In fact, despite Fernando Llorente's goal, they gave up another one, headed home by Sergio Aguero. Argentina 4, Spain 1. A 1-0 or 2-1 score would have been one thing, but four goals allowed? Four! It was the first time a defending world champion had conceded four since Brazil lost to Bolivia in 1963. It was the first time that Spain had permitted four in almost a decade. Just when the Spanish were supposed to be proudly parading their status as world champions, they had gone and been hammered.

For most, there was just one man responsible for a defeat that hurt more than anyone expected: Vicente del Bosque. Aware that it was just a friendly, he had decided that every member of his squad should get a game. He did not want players traveling halfway across the world to sit around and get bored; he decided that harmony and inclusion were important commodities. That meant no Xavi, Iker Casillas, Fernando Torres, Sergio Ramos or Joan Capdevila in the starting XI, while Carles Puyol had already returned to Spain because of injury. It meant Pepe Reina in goal in the first half, Víctor Valdés in the second half.

It also meant defeat, said AS. "Stupid," declared columnist Joaquín Maroto. Meanwhile, Tomás Roncero -- whose byline photo just screams serious at you, what with his red-and-yellow painted face, flag between his teeth and cheesy victory sign -- called it a "con." Editor Alfredo Relaño criticized Del Bosque for playing his strongest side against Liechtenstein last Friday and not against Argentina rather than the other way around. Even though the former was a competitive game, a qualifier for Euro 2012, and the latter wasn't.

"We were there to promote our World Cup bid for 2016, and that does excuse most things," Relaño wrote, hinting at perhaps the most important yet overlooked issue surrounding this game: Why has the Spanish Federation already forced the national team to travel all the way to Mexico and Argentina before the season has even gotten properly under way? "But," he added, "we gave away our prestige -- and you can't ever do that."

There is, most agreed, no such thing as a friendly against Argentina -- and all the less so if you are the world champions, because everyone really, really wants to beat you. The verdict was virtually unanimous: Spain approached the game like a friendly, Argentina didn't, and Del Bosque's team paid the price. Back in Buenos Aires, one newspaper was demanding that Spain "give the World Cup back."

But that's the thing. Yes, Spain lost prestige; yes, the result hurt. But it didn't lose the World Cup. Crónica can crow and campaign all they like, but there's no giving back the trophy.
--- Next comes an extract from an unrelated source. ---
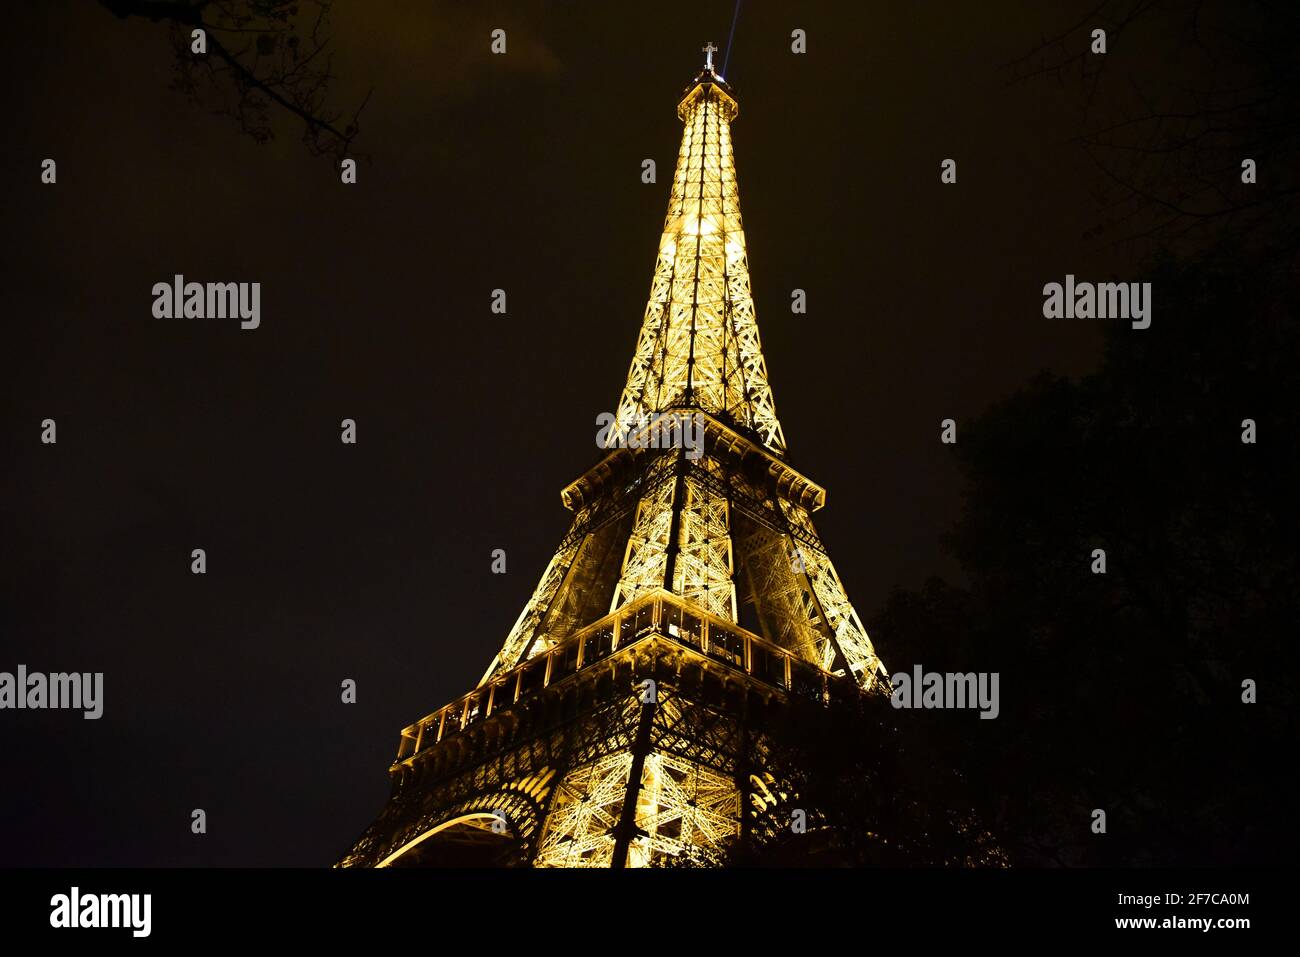 La tour Eiffel, Eiffel Tower, Paris, France Stock Photo

There will be no unpicking of the recently applied stitches that make up the star on Spain's shirt. This wasn't the World Cup final they all wanted. It wasn't the final at all. As Juan José Anaut said in Marca: "Would we rather go back to the old days when we were the Friendlies World Champions and never won the real tournaments?"

Not that everyone was listening. Time to start up the violins, the heart-wrenching music. Because if Spain hasn't lost the World Cup, it has lost the greatest reward of all: a little girl's love. No, really. Up in northern Spain, the president of the Cantabrian regional government, a man who just can't go a week without saying something silly about soccer, was ringing his hands. Like Helen Lovejoy in The Simpsons, he was squealing moral panic: Won't someone please think of the children?!

Miguel Ángel Revilla claimed that his 10-year-old daughter, Laura, had turned down the chance to watch The Ugly Duckling and instead opted to pull on her Spain shirt and scarf and watch the game with her dad. The result could hardly have been more devastating: The poor little girl's innocence was lost, her heart broken, her soul destroyed. Her faith in humanity left in tatters. Forever. "Why did we need them to make us look so silly?" Revilla said. "How can we explain this to our children, still kitted out in red?" He added: "How can I explain to my daughter that it was only a friendly? How can I explain to her that Casillas wasn't playing?

"Why did you do this to our children?"